At Churchill we had a guy, oh he was nervous! He’d lock the door, wouldn’t let anybody in. I’ve always had an open door policy, meaning that up until just until a year ago, I used to have chili on Belmont day. I’d bring a pot of chili in and leave the door open—people can come in and out, grab what they want, be talking, and I’d be doing my work. He’d lock the door, “get out, don’t come in!” so nervous at the big race. You have to have somewhat of a relaxed attitude doing this. You can’t be all uptight.
I’ve done the Belmonts, I’ve done the Breeder’s Cup. This is my famous quote: a $2000 claimer is just the same as a $10 million race. You don’t do any different. You time, the horses still cross the wire. I don’t get excited.
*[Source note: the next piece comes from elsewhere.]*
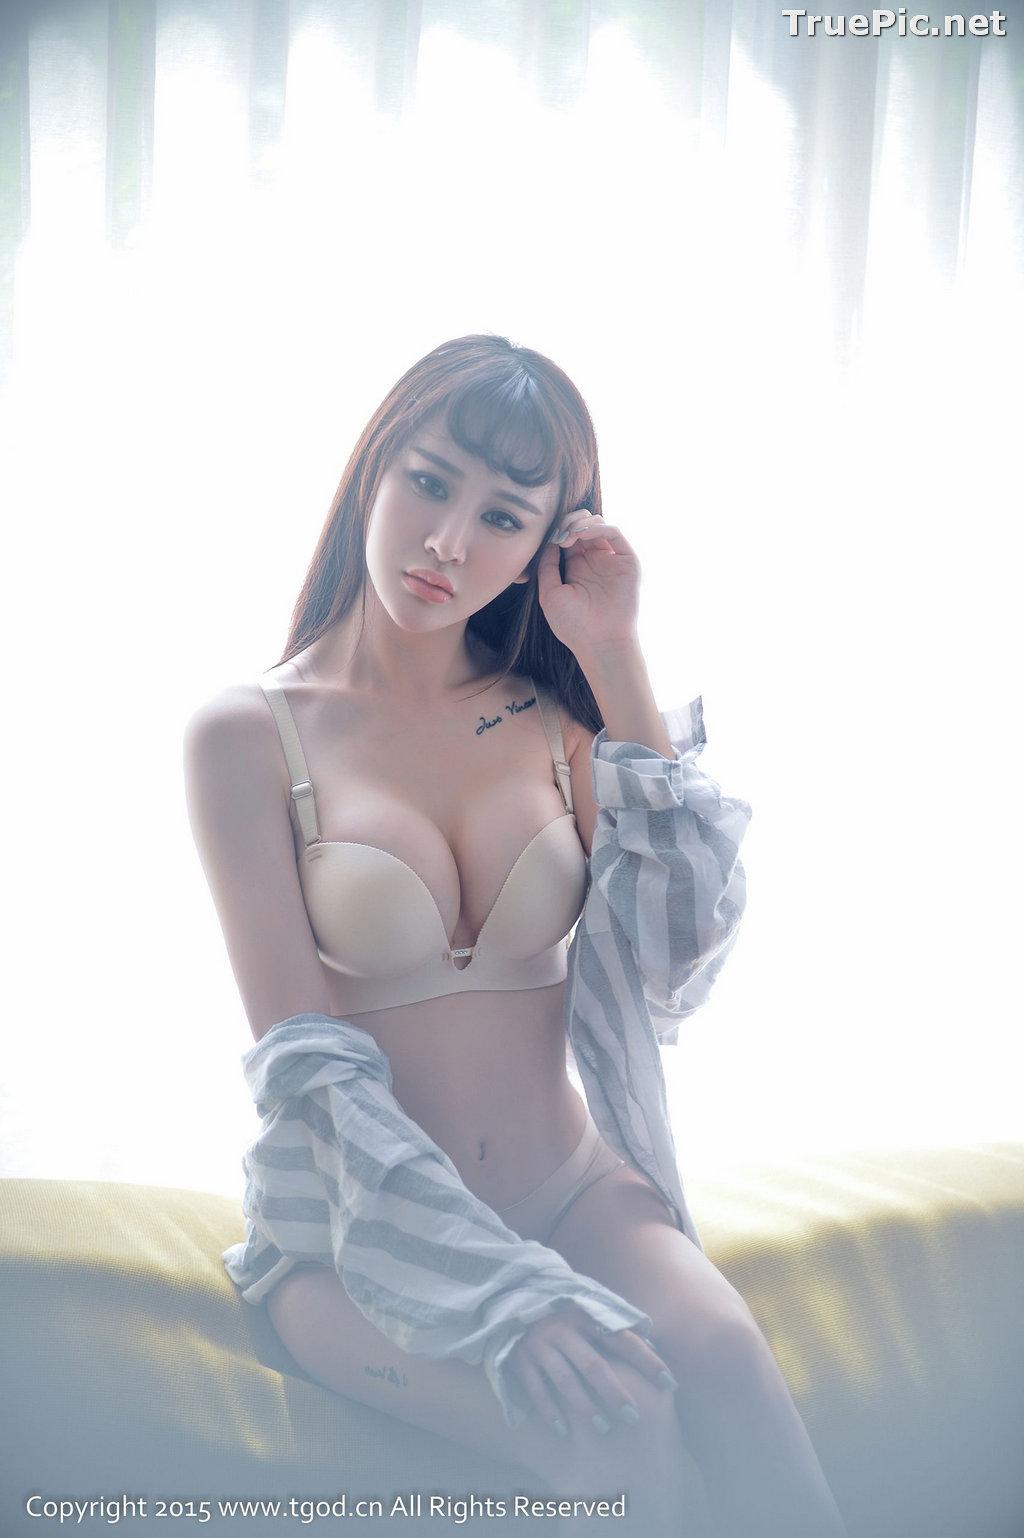 Image TGOD 2015-11-10 - Chinese Sexy Model - Cheryl (青树) - TruePic.net - Picture-1

The only time I look at my program is to look at what course I’m supposed to be on and the distance of the race. But I don’t get excited over big races; they’re all the same.
It’s good and it’s bad, racing is. It generates a lot of income for a lot of people, and you have the chance to lose an income, if you don’t know what you’re doing. There’s nothing wrong with betting on horses—it’s human nature to gamble. You go to the track and say ‘I got $50 to lose and that’s it,’ then no harm done. You go in and play a couple of races and you go out broke, or you have some money for beer afterwards. That’s the way it should be done.
If you want to get involved in it, you can absorb a lot. But I have a tendency to don’t pay attention to a lot of stuff. I don’t have a lot of a brain to work with, I figure, and I say why load it, why fill it up with useless information that you really don’t need. So I just come in here, do my job, read my paper and stuff, watch my sport, and I’m happy.
This used to be a mini darkroom. Before, we used to have film cameras, and we had to change the lenses, unscrew ‘em, put another lens on, refocus the camera. Up and down every race. So we’d shoot the race and rip out a piece of film, about 15 inches long, and it takes 15 seconds to develop. Project it to the placing judges next door, and they would make the decision, the order of finish. Then I had to come back and make a print for the public. It was time consuming. Now it’s the same technique but just a different system.
We work together, the judges, I’m their seeing eye dog. They depend a lot on the cameras. Once in a while you might have a power failure, and then I’ll holler up, that you’re on your own. Then I hope that there’s nine horses on the wire at the same time, just to see what they’re gonna do.
--Kate Hanselman was the Editor in Chief of the New School Free Press, and will graduate from Eugene Lang College this May with a major in journalism. Her senior work focuses on the Aquaduct race track in Queens.